• [Work required]:
Reproduce each entry exactly as it reads. Leave the images out.

• [Extracted records]:
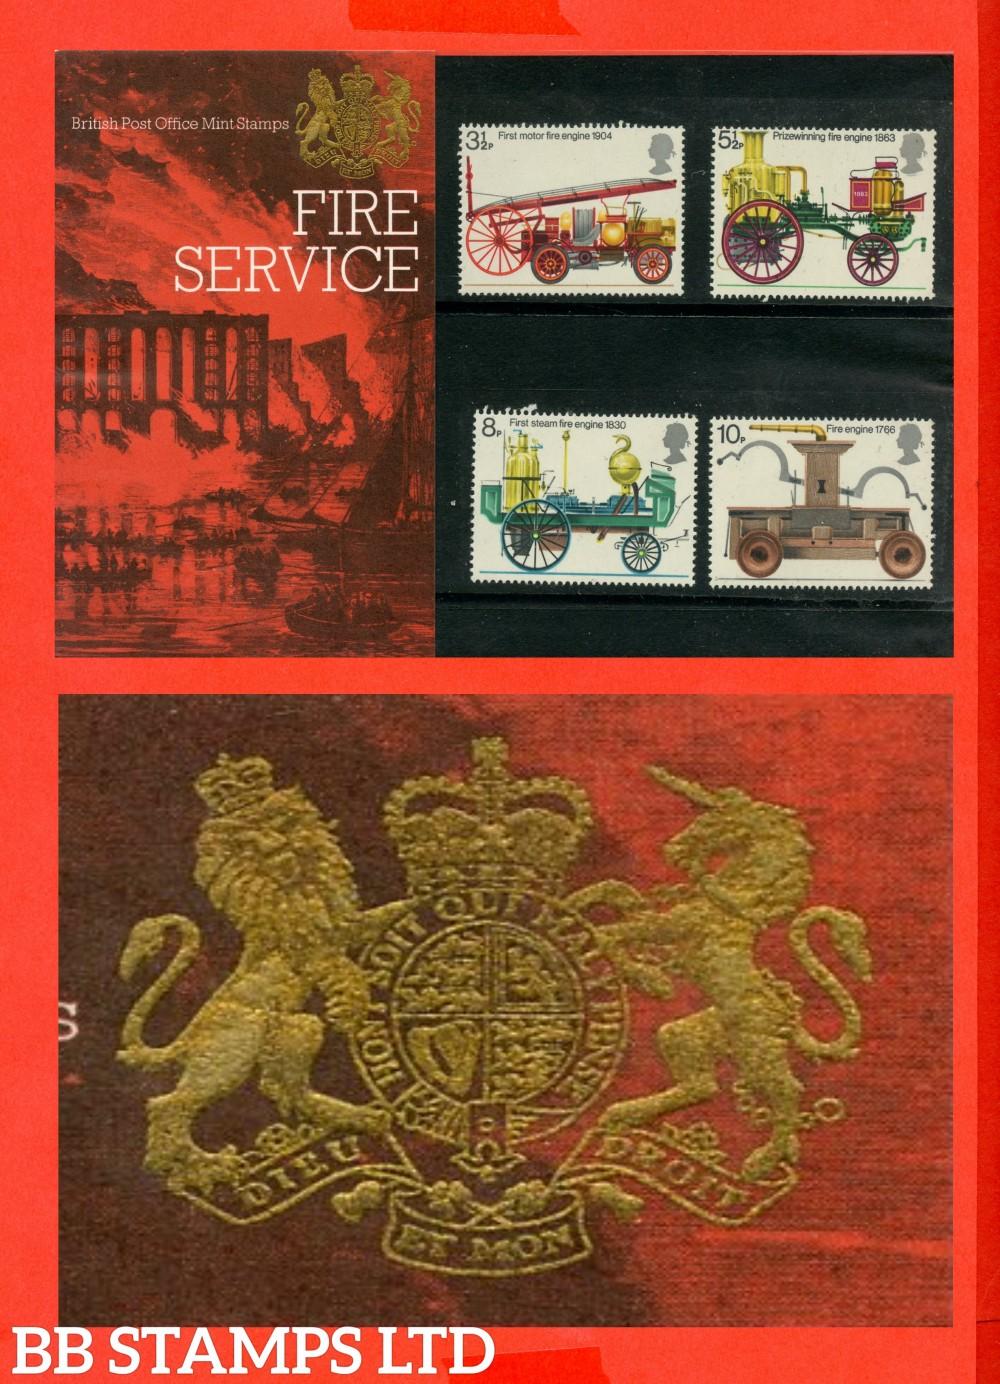 1974 Fire Service Pres Pack Type B = Flower Between Unicorn's Legs.
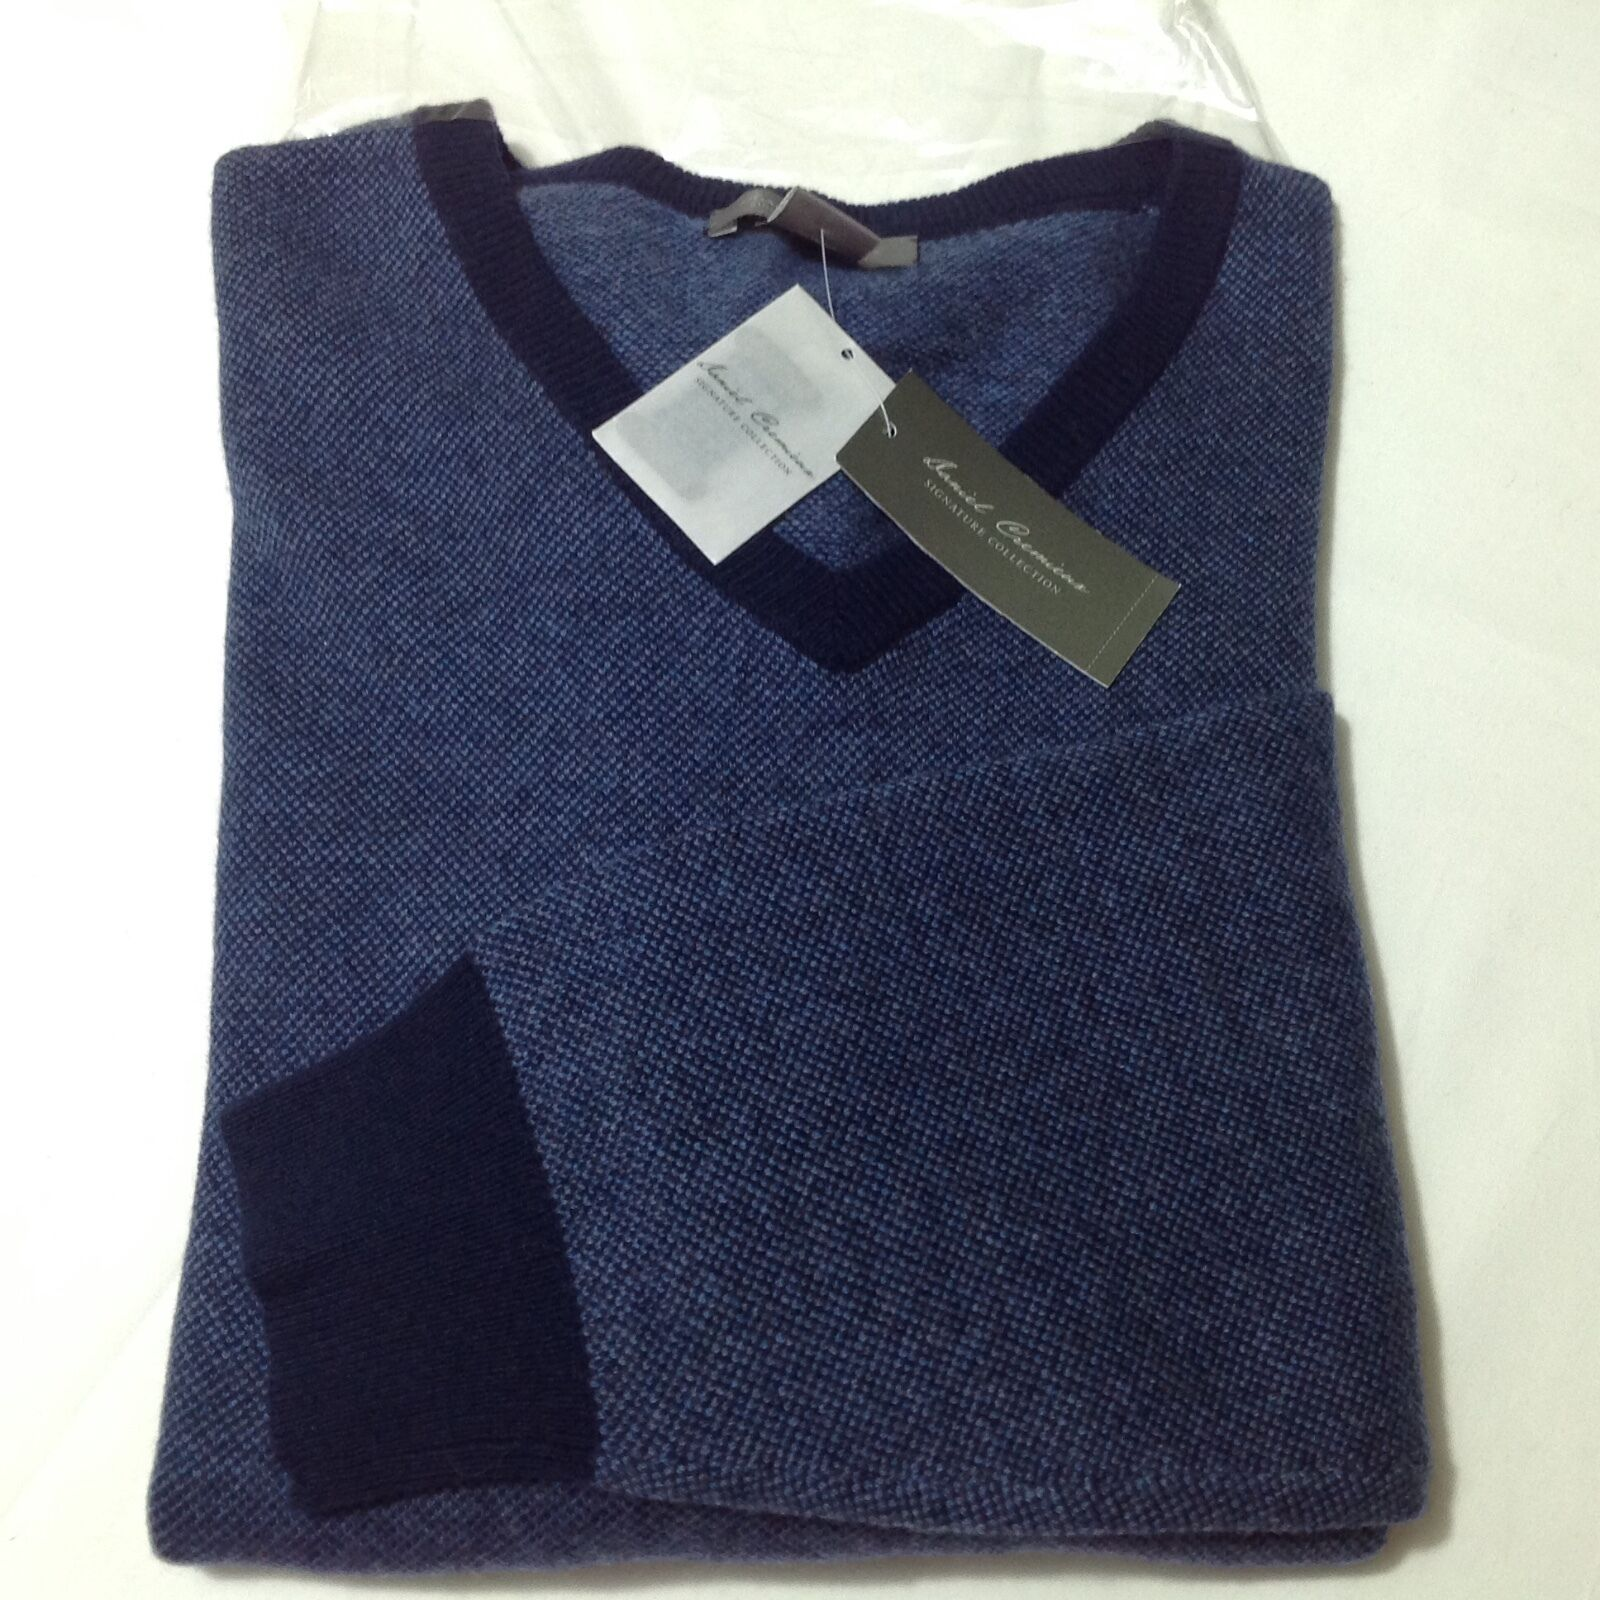 Cremieux Signature Luxury Wool/Cashmere Navy Heather Men Sweater XXL NWT195
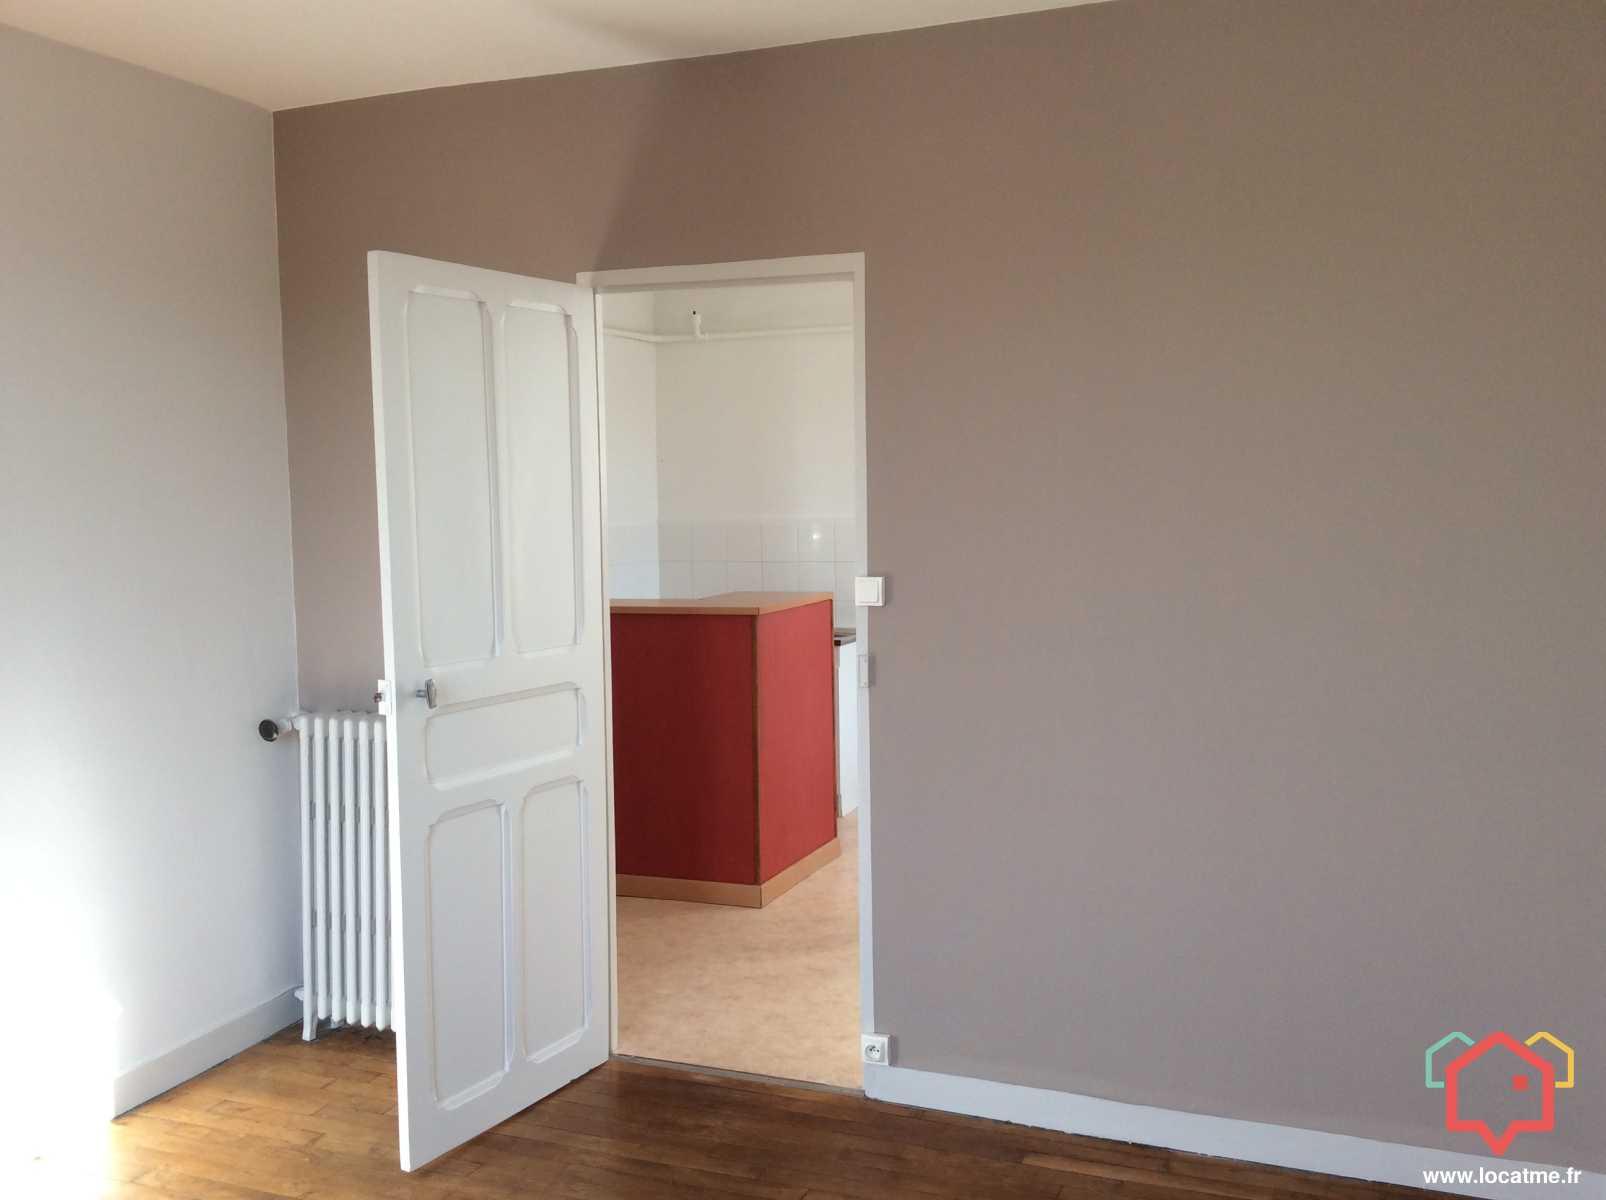 location appartement rennes sans frais d agence stunning. Black Bedroom Furniture Sets. Home Design Ideas
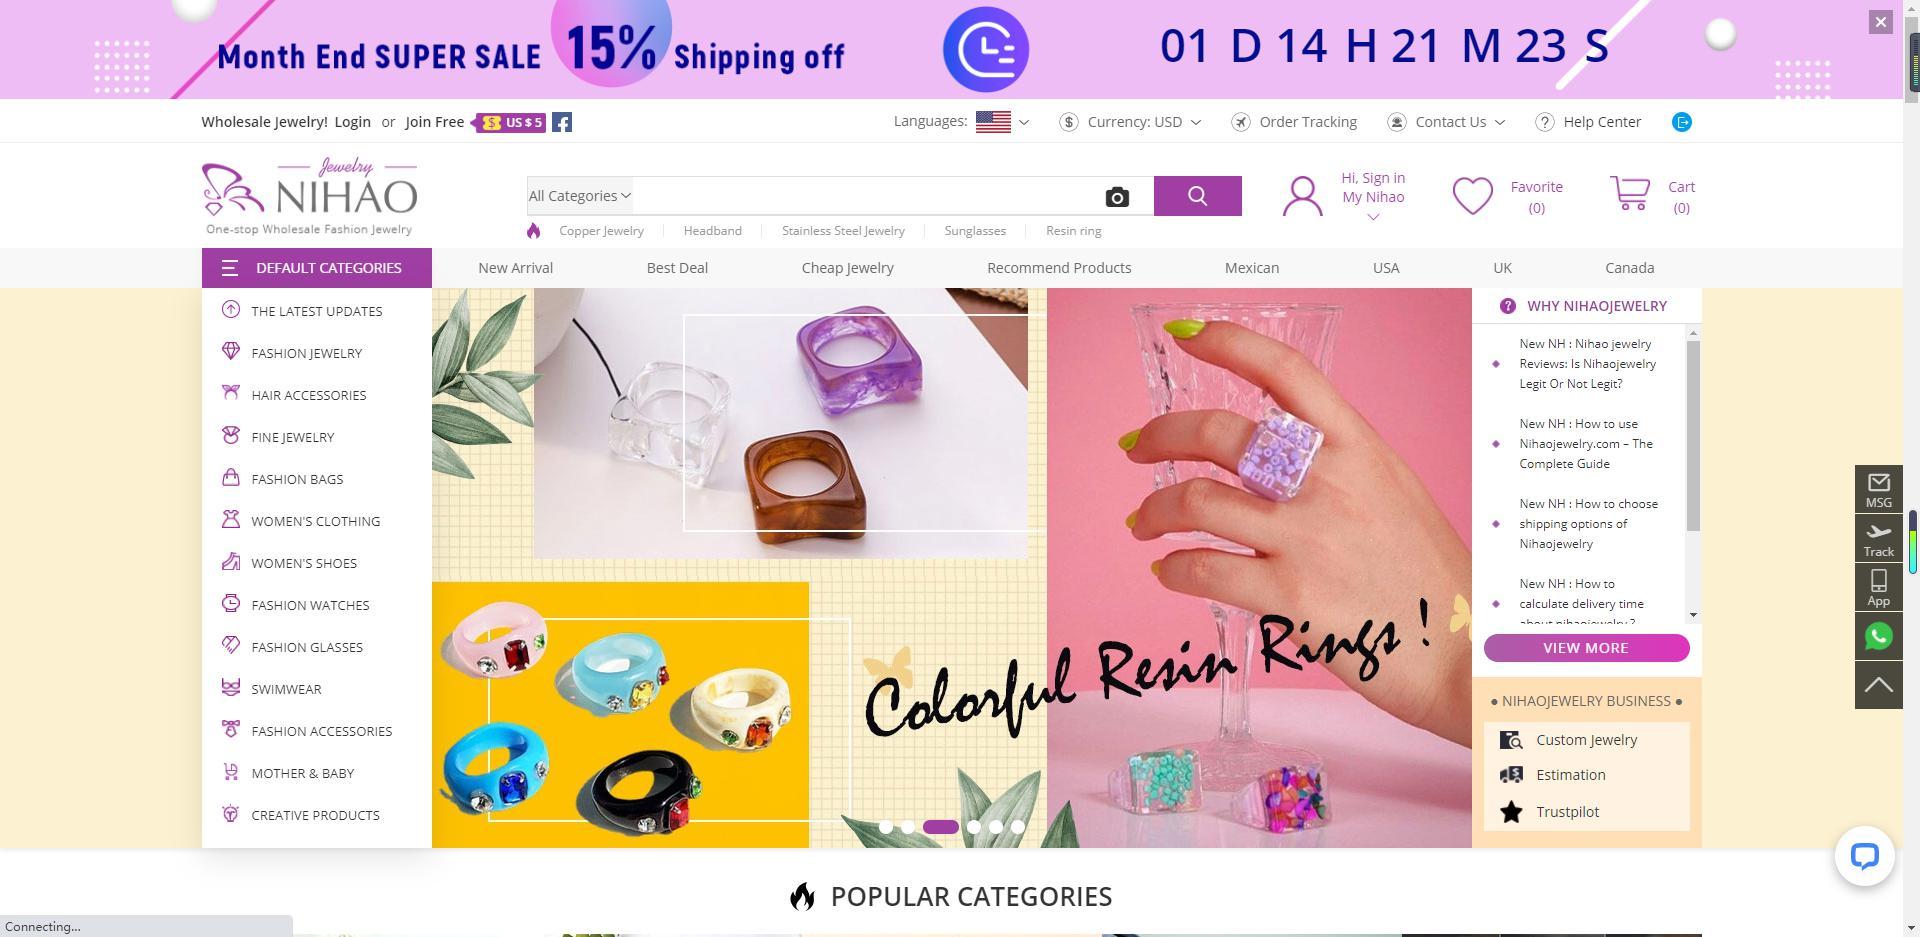 Nihaojewelry homepage- colorful resin rings banner
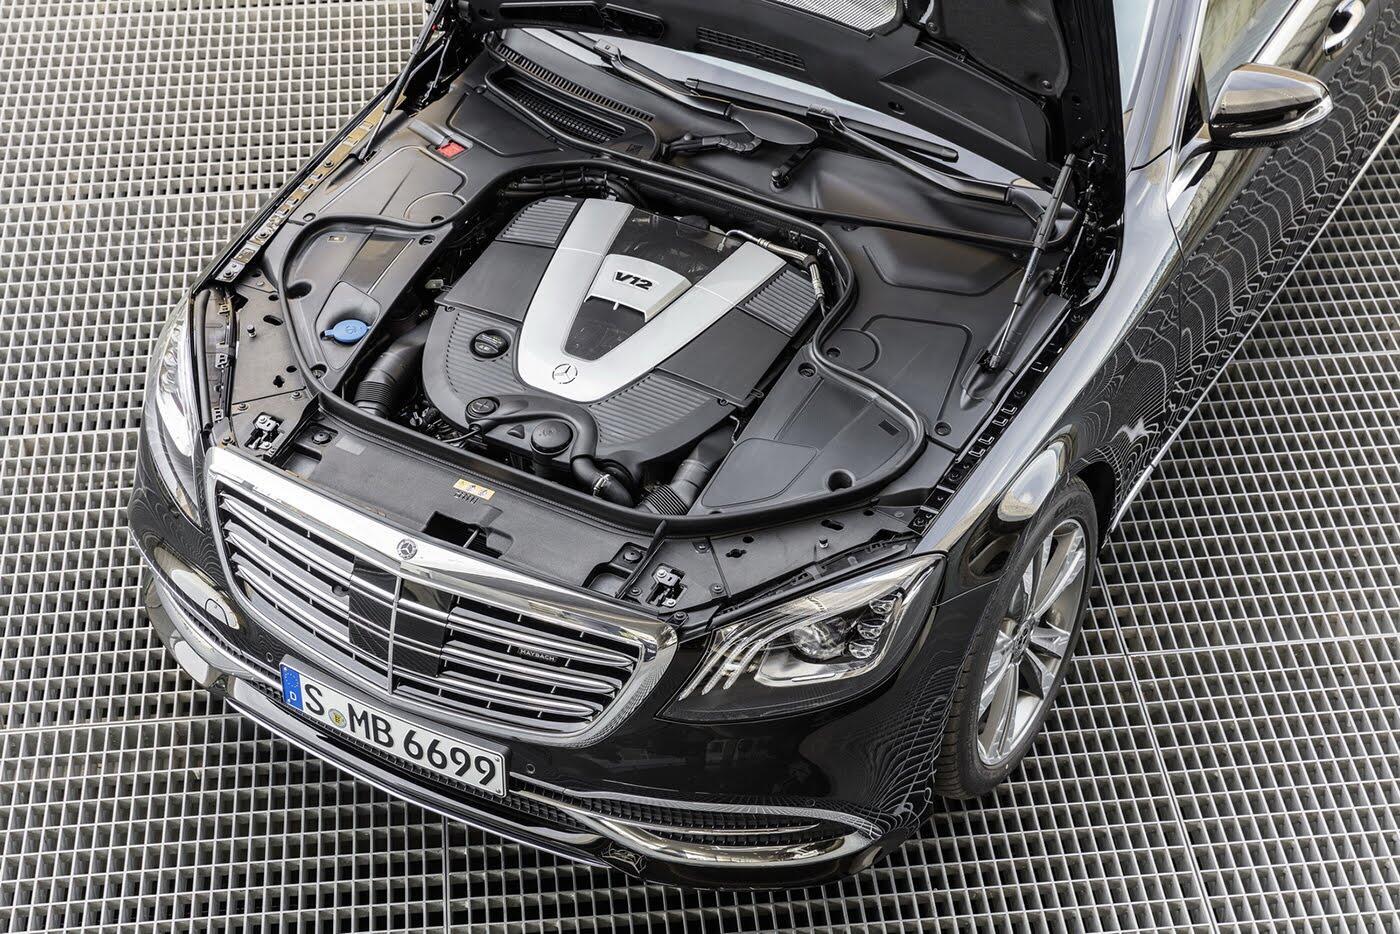 Ảnh chi tiết Mercedes-Benz S-Class 2018 - Hình 14

• [Task output]:
 1974 Fire Service Pres Pack Type B = Flower Between Unicorn's Legs.
 Cremieux Signature Luxury Wool/Cashmere Navy Heather Men Sweater XXL NWT195
 location appartement rennes sans frais d agence stunning. Black Bedroom Furniture Sets. Home Design Ideas
 Nihaojewelry homepage- colorful resin rings banner
 Ảnh chi tiết Mercedes-Benz S-Class 2018 - Hình 14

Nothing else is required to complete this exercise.